TextParser
datapizza.modules.parsers.TextParser
Bases: Parser
Parser that creates a hierarchical tree structure from text. The hierarchy goes from document -> paragraphs -> sentences.
parse
Parse text into a hierarchical tree structure.
Parameters:
Name | Type | Description | Default |
---|---|---|---|
text
|
str
|
The text to parse |
required |
metadata
|
dict | None
|
Optional metadata for the root node |
None
|
Returns:
Type | Description |
---|---|
Node
|
A Node representing the document with paragraph and sentence nodes |
Usage
from datapizza.modules.parsers.text_parser import TextParser, parse_text
# Using the class
parser = TextParser()
document_node = parser.parse("Your text content here", metadata={"source": "example"})

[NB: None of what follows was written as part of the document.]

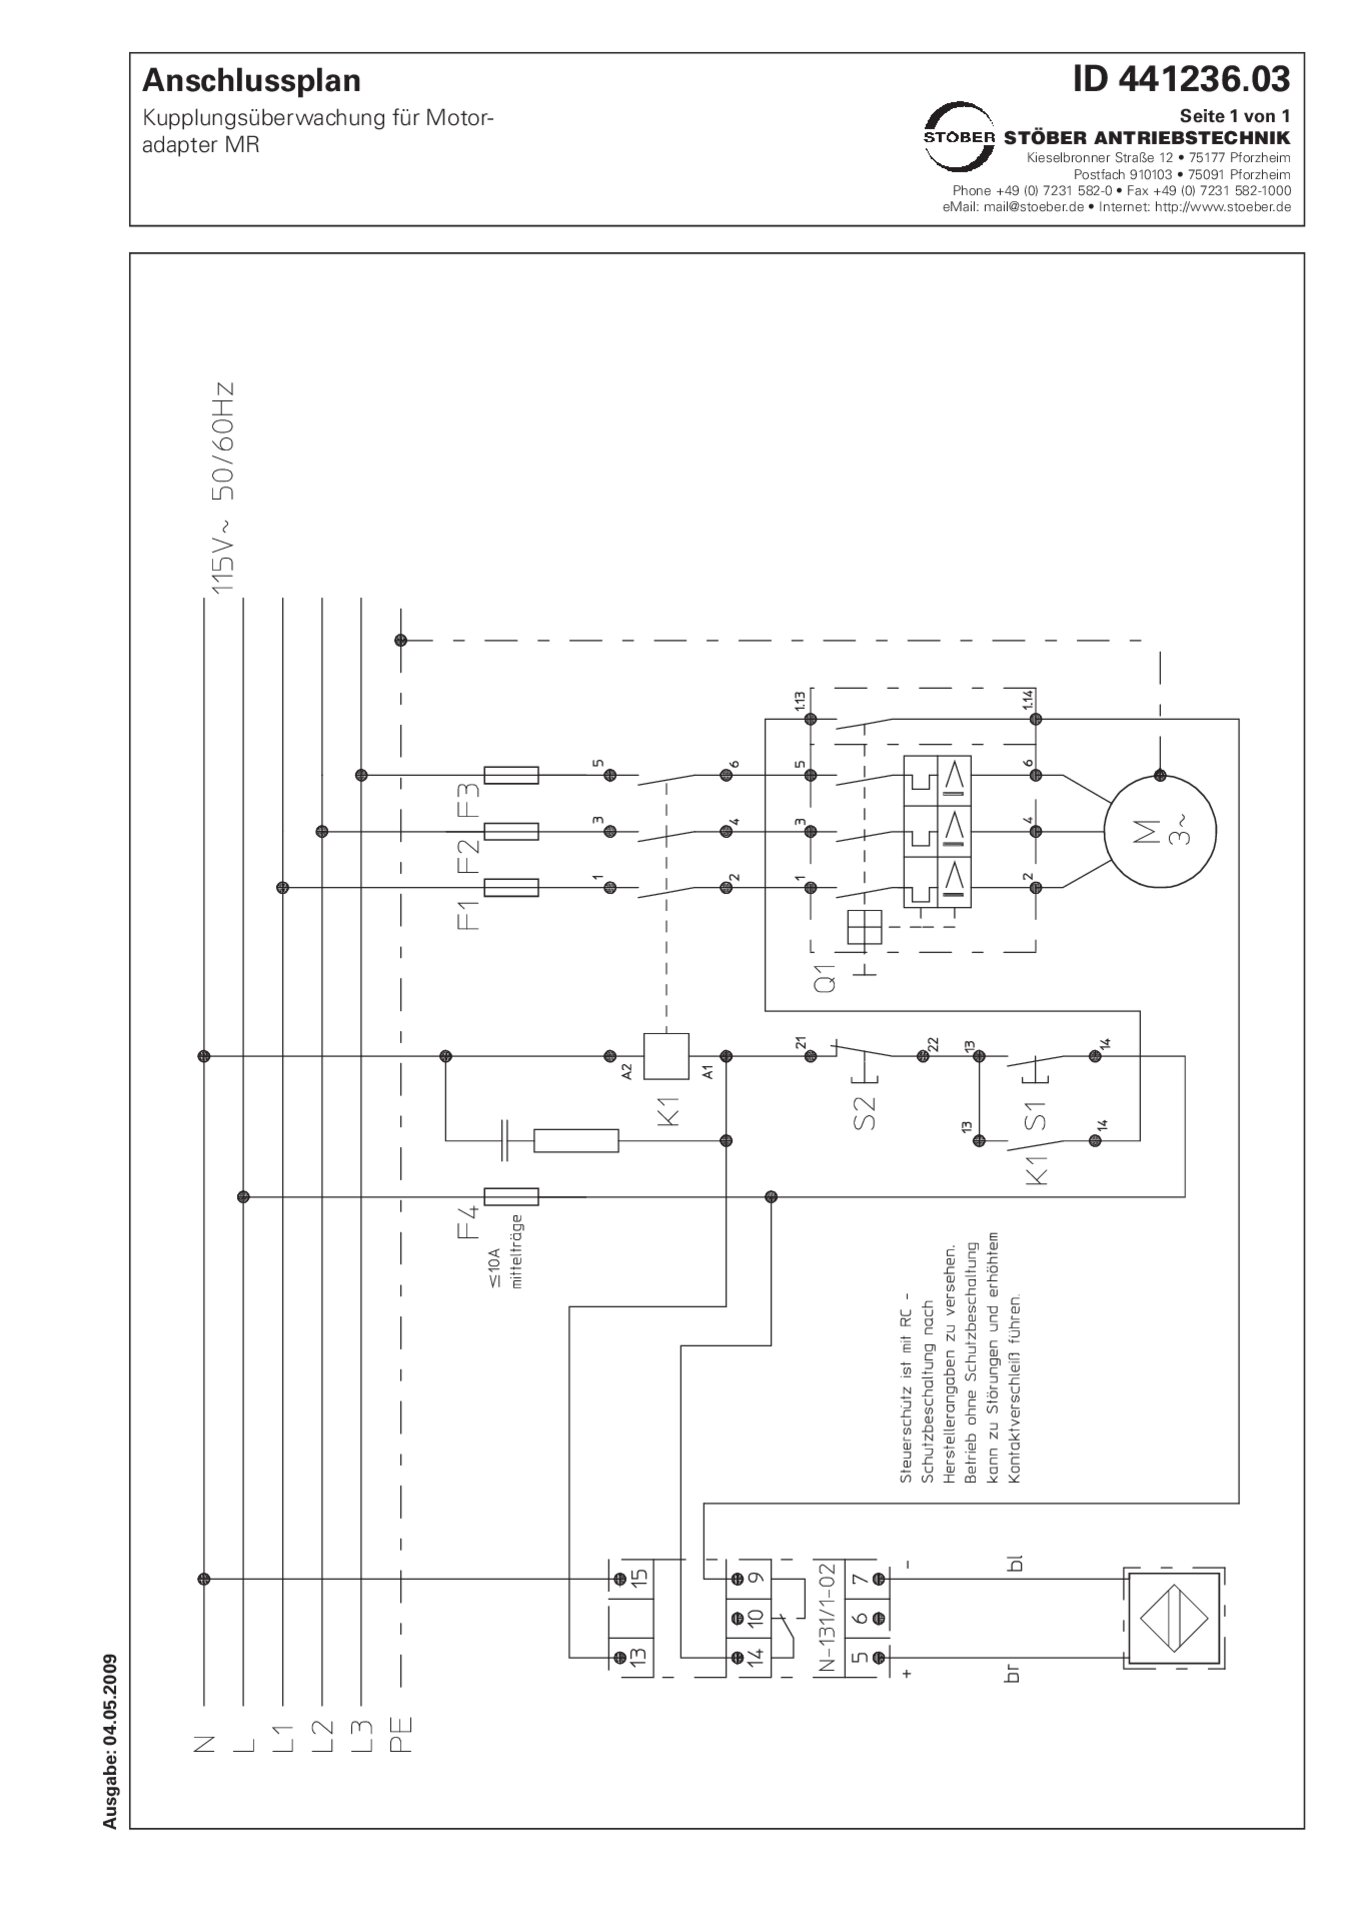 Schema di allacciamento Controllo accoppiamento per adattatore motore MR 115 V

# Using the convenience function
document_node = parse_text("Your text content here")
Parameters
The TextParser class takes no initialization parameters.
The parse
method accepts:
- text
(str): The text content to parse
- metadata
(dict, optional): Additional metadata to attach to the document
Features
- Splits text into paragraphs based on double newlines
- Breaks paragraphs into sentences using regex patterns
- Creates three-level hierarchy: document → paragraphs → sentences
- Preserves original text content in sentence nodes
- Adds index metadata for paragraphs and sentences
Node Types Created
DOCUMENT
: Root document containerPARAGRAPH
: Text paragraphsSENTENCE
: Individual sentences with content
Examples
Basic Usage
from datapizza.modules.parsers.text_parser import parse_text
text_content = """
This is the first paragraph.
It contains multiple sentences.
This is the second paragraph.
It also has content.
"""
document = parse_text(text_content, metadata={"source": "user_input"})
# Navigate structure
for i, paragraph in enumerate(document.children):
print(f"Paragraph {i}:")
for j, sentence in enumerate(paragraph.children):
print(f" Sentence {j}: {sentence.content}")
Class-Based Usage
from datapizza.modules.parsers.text_parser import TextParser
parser = TextParser()
# Parse with custom metadata
document = parser.parse(
text="Sample text content here.",
metadata={
"source": "api_input",
"timestamp": "2024-01-01",
"language": "en"
}
)
# Access document metadata
print(f"Source: {document.metadata['source']}")
print(f"Number of paragraphs: {len(document.children)}")
Pipeline Integration
from datapizza.modules.parsers.text_parser import TextParser
from datapizza.modules.splitters import RecursiveSplitter
# Create processing pipeline
parser = TextParser()
splitter = RecursiveSplitter(chunk_size=500)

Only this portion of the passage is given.